Rescue efforts are continuing along with the search for the flight-data recorders from the Yemenia Airlines plane that crashed early Tuesday morning on its way from the capital Sanaa to the Comoros Islands.
French officials now say earlier reports that a "pinger" signal from the black boxes was located were inaccurate. The signal that was detected came from a distress beacon.
In the meantime, the recovery of a sole survivor – reported to be 12-year-old Baya Bakari – from Tuesday's early-morning crash has raised the perplexing question of how one person could live through a catastrophic accident in which everyone else perishes.
The answers are not simple, aviation analysts say. They involve the complex physical dynamics in each individual accident. Since 1970, there have been 12 cases in which there has been only one survivor, according to a study by Airsafe.com. Two-thirds of them were either flight crew members or children.

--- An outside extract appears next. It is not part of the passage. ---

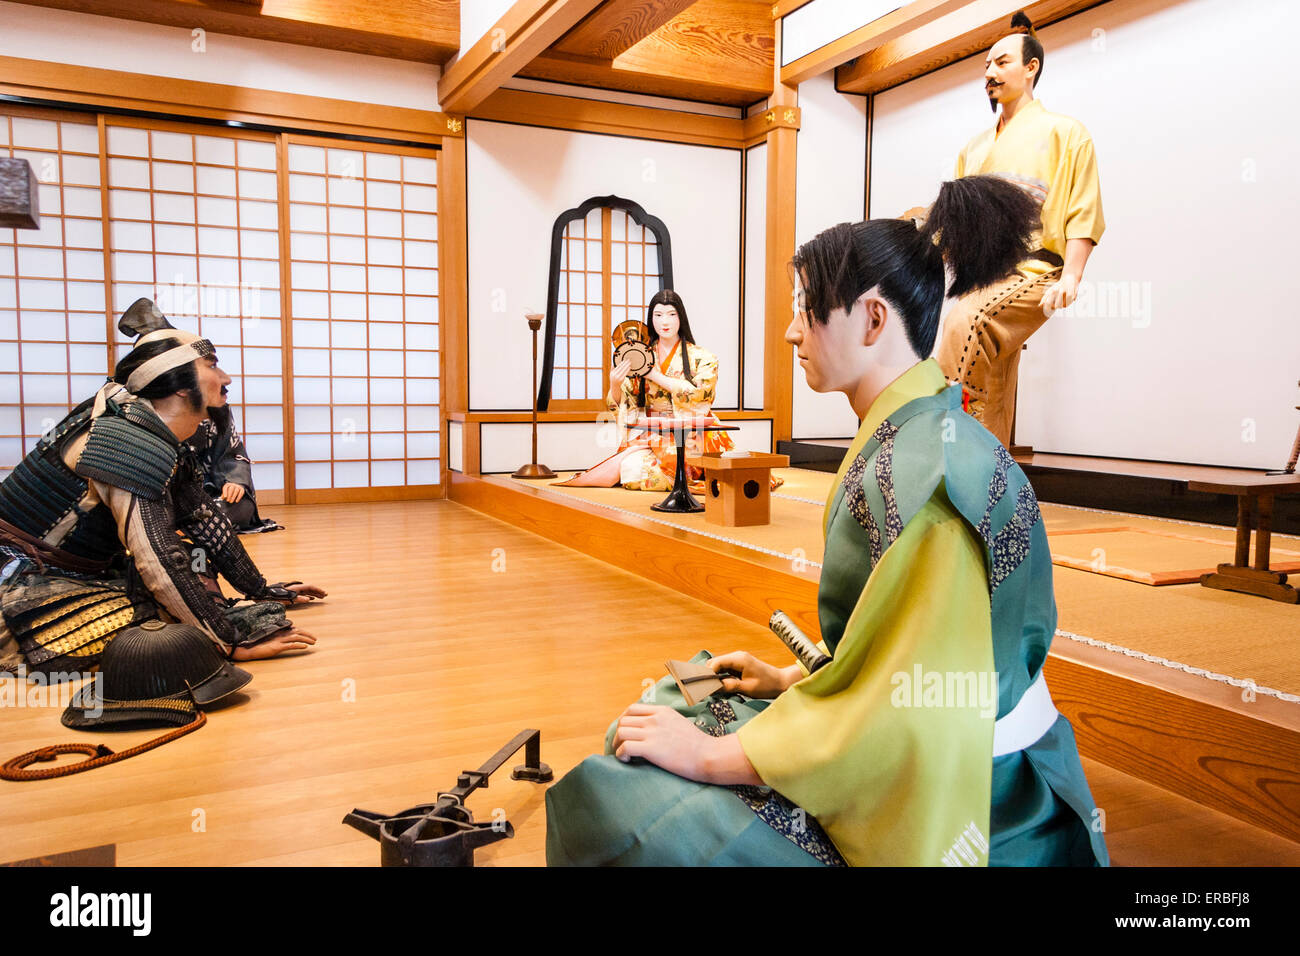 Interior of the keep at Kiyosu castle in Nagoya. Reconstructed scene, courtiers kneeling in front of the Daimyo, warlord, during an audience. Stock Photo

"This might be the 13th case," says Todd Curtis, an aviation expert and founder of Airsafe.com, who conducted the study. "It becomes a question of what were the specific dynamics in that specific area that allowed that person to survive. There are so few data points and no real in-depth research about this kind of crash, so it's really hard to say exactly why."
But there are many factors that could contribute to the survival of only one person – from to where that person was sitting at the time of the crash, to whether they were facing forward or backward, to whether they are big or small. One British researcher believes the reason so many children survive is because they're shorter than most adults so their heads don't rise above the back of the seat. That allows the seat to act as a kind of safety cocoon in an accident.
Dr. Curtis of Airsafe.com says that is one possibility.
The type of seat in which a person is sitting
and where it's located may also help explain why a disproportionate number of flight crew survive, he says. For instance, seats in the cockpit are constructed to be far stronger than a regular passenger seat.
"Some crew seats are also in a different position. Typically, the jump seats [used by flight attendants] are against the bulkhead and the flight attendant might actually be sitting with his or her back to the front of the airplane," he says. "So in a crash when everyone else is being thrown forward, they're basically being pinned against the back wall, and that might save them."
Another key factor is how fast rescuers get to a scene. In a 2006 ComAir crash in Lexington, Ky., the first officer was the sole survivor. The plane crashed on takeoff and caught fire. The first officer was trapped in the plane but survived primarily because rescuers arrived at the scene very quickly and were able to extract him.
In the case of Tuesday's Yemeni crash, the young teen who survived reportedly "heard people speaking around her," according to French news reports. That's an indication that others may have initially survived, but perished in the cold water before rescuers could arrive. The young teen reportedly clung to a piece of the wreckage for more than 12 hours before she was rescued.